Литмир - Электронная Библиотека

- Не «кому», а «на чьем». Впрочем, все там будем, - Кробх Дерг философски вздохнула и пошевелила кончиком хвоста.

- Но так… так… так… - он замер в поисках подходящего слова, нашел его и обвиняюще бросил его в морду собеседнице: - Так нечестно!

- Как? – уточнила кошха.

- Вот так!!! Я жил-поживал менестрелем при дворе его величества, в меру знаменитым, в меру хорошо оплачиваемым, в меру упитанным, много ел, еще больше пил, страдал от влюбленности, и вдруг появляешься ты – и всё переворачивается с ног на голову! Вместо того чтобы мучиться от неразделенной любви и писать баллады – то есть делать то, что я больше всего люблю и умею – я живу какой-то чужой жизнью! Я бросаю с мостов рыцарей, дерусь с их слугами, прыгаю из окон, дерусь с рыцарями, решаю, сколько центнеров озимой свеклы с гектара заливных лугов мы соберем через год, и стоит ли менять трех призовых свиноматок на молотильно-доильный агрегат – если бы еще знать, что это такое!!! Я стал непонятно кем!!! Я ненавижу этот дурацкий герб, этот дебильный девиз и тех, кто их придумал!!! Я не хочу ни с кем сражаться!!! Я хочу сидеть на подоконнике, смотреть на крыши и писать стихи!!! Я не узнаю себя и не могу предугадать, что мне придется делать в следующие пять минут!!! А это всё из-за тебя!!! И что дама моего сердца оказывается алчной неблагодарной куницей – я не удивлюсь, если и это ты подстроила!!! А ведь я мог бы ее действительно полюбить… наверное... со временем!..

- Твоего сердца?! – кошха вскочила, выгибая спину, зеленые искры брызнули с ее усов и бровей, а обшивка канапе жалобно затрещала под выпущенными когтями. – У тебя нет сердца, бард Кириан! Только желудок, пальцы и язык – ну и, может быть, еще несколько утилитарных приложений! Ты можешь только пить, петь и жаловаться! Ты не умеешь любить! Ты не узнаешь любовь, если даже столкнешься с ней лицом к лицу среди бела дня! Ты мучаешься не от любви какой бы то ни было, а от комплекса неполноценности, замешанного на старых обидах и новых самообманах, и пока ты не оставишь их там, где им место – на чердаке прошлого, ты не будешь счастлив, даже если все женщины и блага мира обрушатся тебе на голову!

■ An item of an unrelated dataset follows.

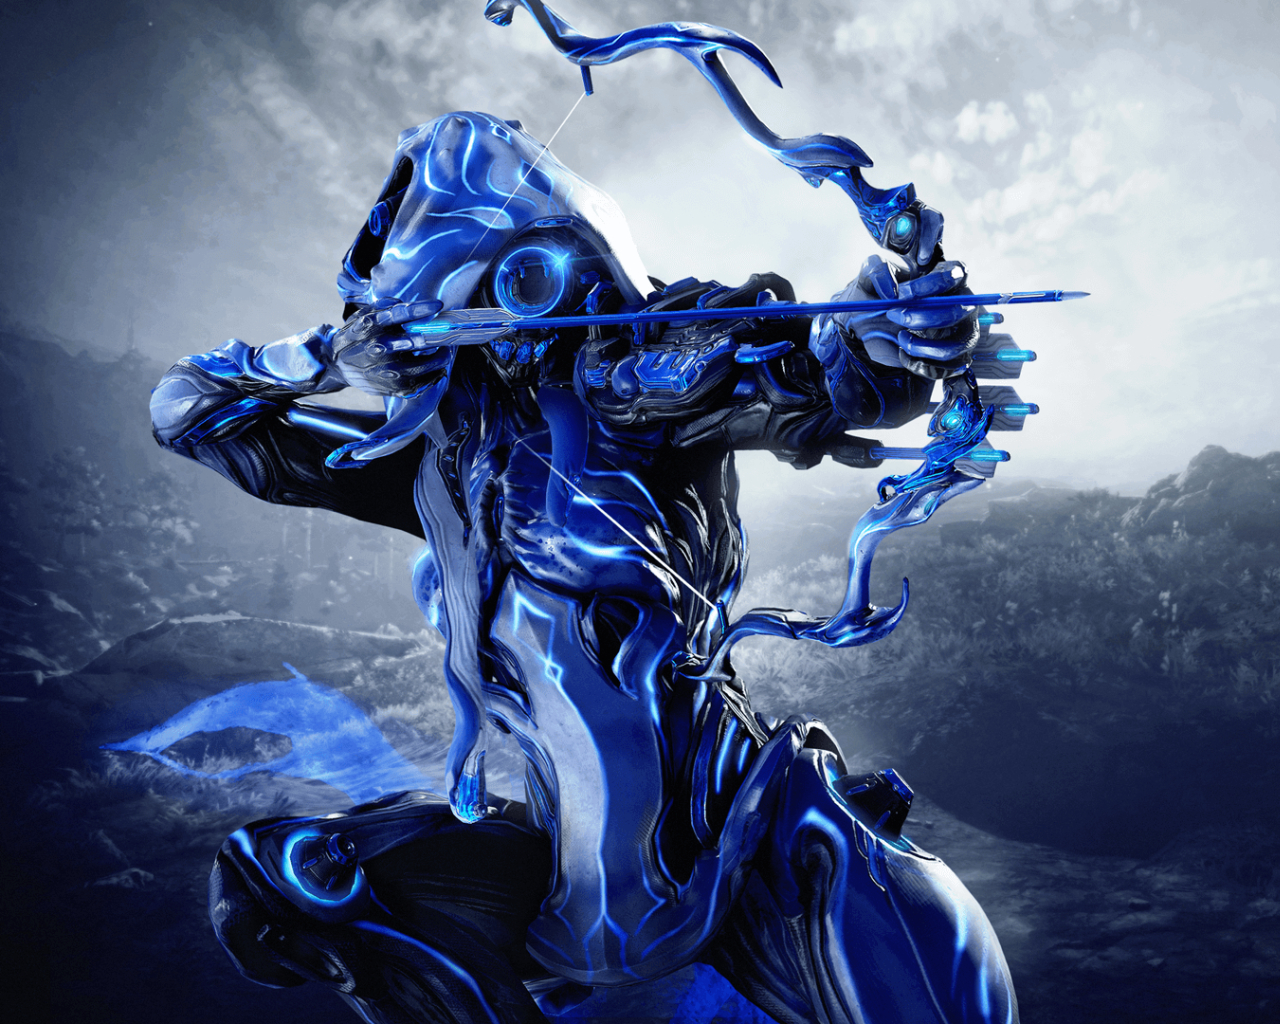 1280x1024 Warframe Hd Gaming New 21 1280x1024 Resolution Wallpaper Hd Games 4k Wallpapers Images Photos And Background Wallpapers Den

Кошха успокоилась так же внезапно, как вспылила, и спрыгнула на пол. Искры пропали, шерсть улеглась, а голос снова стал тихим и чуть равнодушным.

- Ты получил, что хотел, бард Кириан. Свинильда выходит за тебя замуж. Ты счастлив?

- Да!!! – назло то ли Кробх Дерг, то ли самому себе яростно выкрикнул менестрель.

- Вот и хорошо. Прощай.

- Но!.. Но… но ты… я… - потрясенный, оглушенный, раздавленный неожиданным поворотом, преодолевая боль в растревоженных душе и теле, Кириан рванулся к гостье – но та пропала, словно была всего лишь очередным наваждением последних дней – как это ненужное рыцарство, дурацкий замок, нелепая женитьба…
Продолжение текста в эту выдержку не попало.